Jamaican PM: Foreign help alone won't stop gun shipments

Andrew Holness
Andrew Holness

Jamaican Prime Minister Andrew Holness is calling on Caribbean countries to make the acquisition of national security tools a priority to ease regional reliance on aid from foreign partners.

Holness made the remarks during his feature address at the first day of the Regional Symposium on Violence as a Public Health Issue at the Hyatt Regency Conference Centre, Port of Spain, on Monday.

His address dealt specifically with transnational organised crime with challenges posed by small arms and light weapons in Latin America and the Caribbean.

He said while partnership with the United States is crucial in preventing the influx of illegal guns to the Caribbean, regional countries should not be overly dependent on their assistance.

Holness stressed that Caribbean countries should take the lead in the security and protection of their people and urged stakeholders to strengthen their law enforcement capacities.

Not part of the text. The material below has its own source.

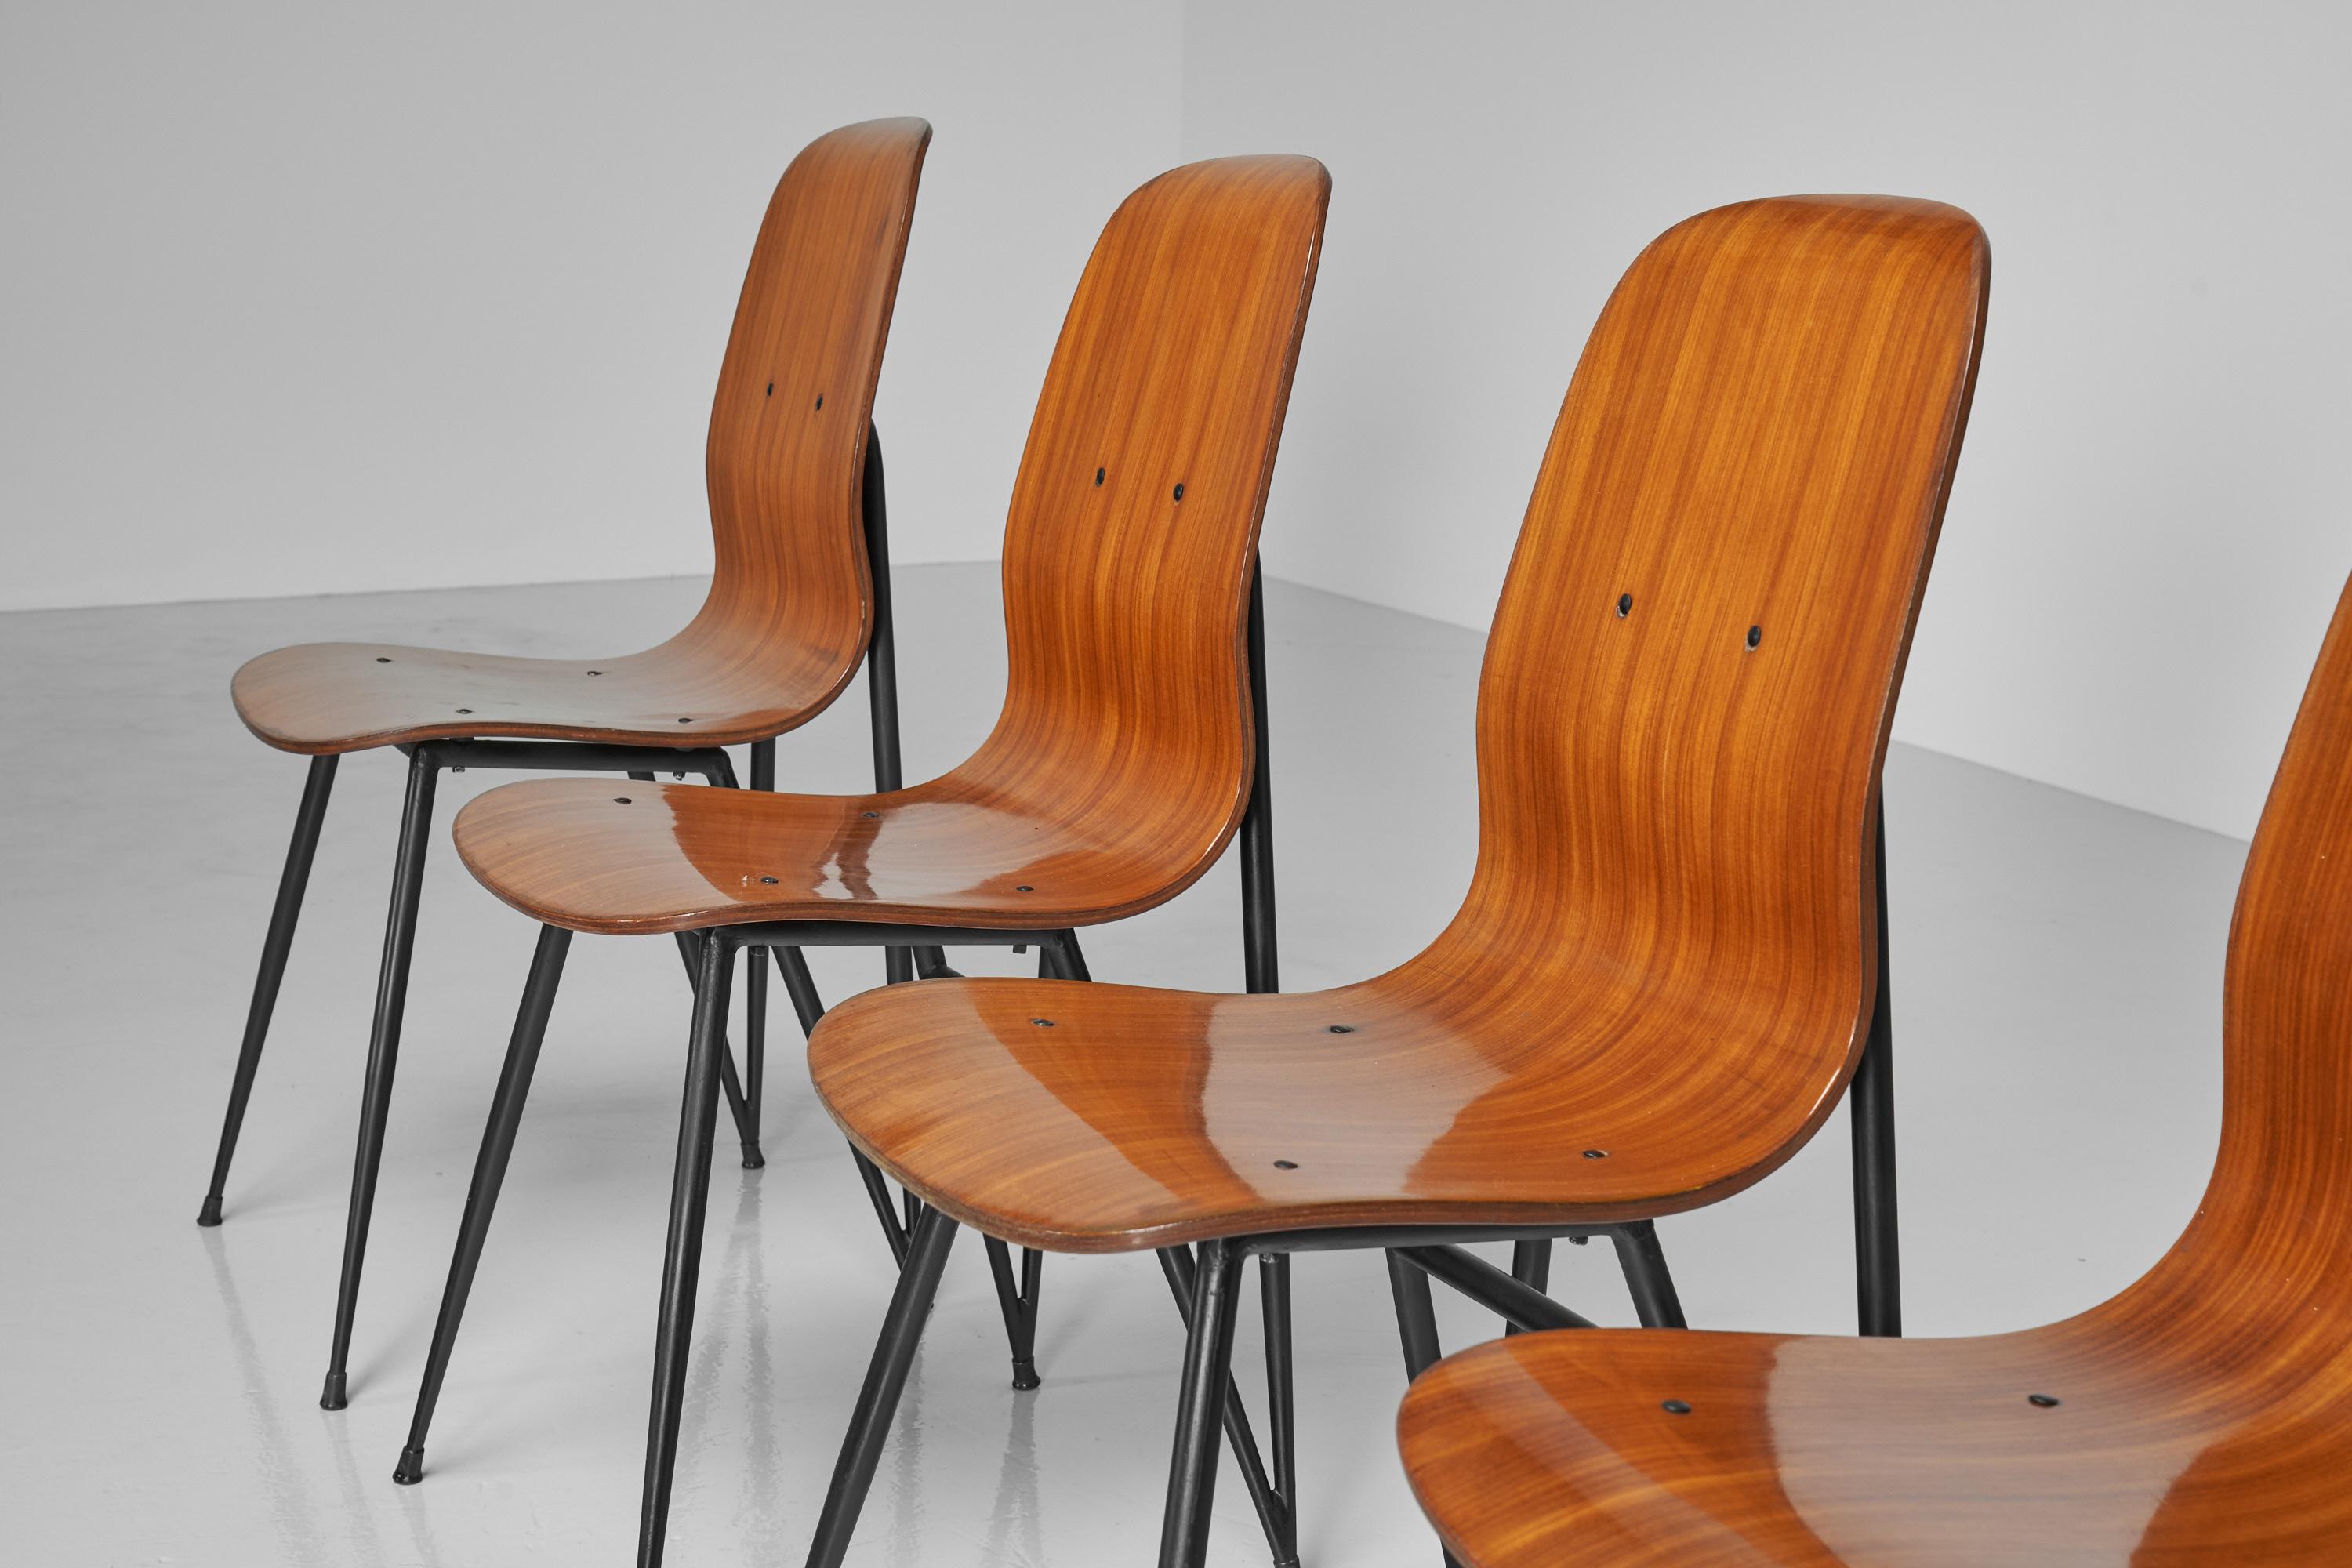 Remarquable ensemble de 6 chaises de salle à manger en contreplaqué conçu par Enzo Strada et fabriqué par Mobili Barovero, Italie 1950. Ces chaises ont une forme très agréable et dynamique. Elles sont de bonne taille et le dos plus haut offre

"I also call on our governments to put our money where our threats lie.

"We have to increase our capabilities and capacities.

"We have to scan the goods coming through our ports, to buy the offshore patrol vessels, to have the maritime surveillance.

"We cannot rely on foreign countries to tell us what is moving in our waters and what is coming in our ports.

"They are only going to tell us what is in their interest, we must act in our interest.

"One of the things we must do regionally and individually is to increase our capacity to control our domain."

In addition to strengthening regional capabilities, Holness said the US also had a responsibility in clamping down on the illegal exportation of guns to the region.

Referring to past and present efforts by Caribbean countries to disrupt shipments of drugs to North America, he said similar efforts should be placed by foreign governments in preventing guns from reaching the region.

Holness also warned that failure to do this could render the region's war on drugs ineffective.

"Our children are being killed. Our young men are being killed with drugs exchanged for guns which head to North America.

"Our children are just as valuable as the children in North America.

"There has to be equal energy, effort and attention paid to preventing illegal guns from coming into our country as we pay equal energy, effort and attention in preventing illegal drugs from going to their country."

Holness said now more than ever a united front was needed to combat crime and lamented that Caribbean countries in the past were not able to treat crime with the necessary priority which led to the extent of challenges facing the region.

He said central to addressing violent crime was the need to create laws with local circumstances and complexities in mind.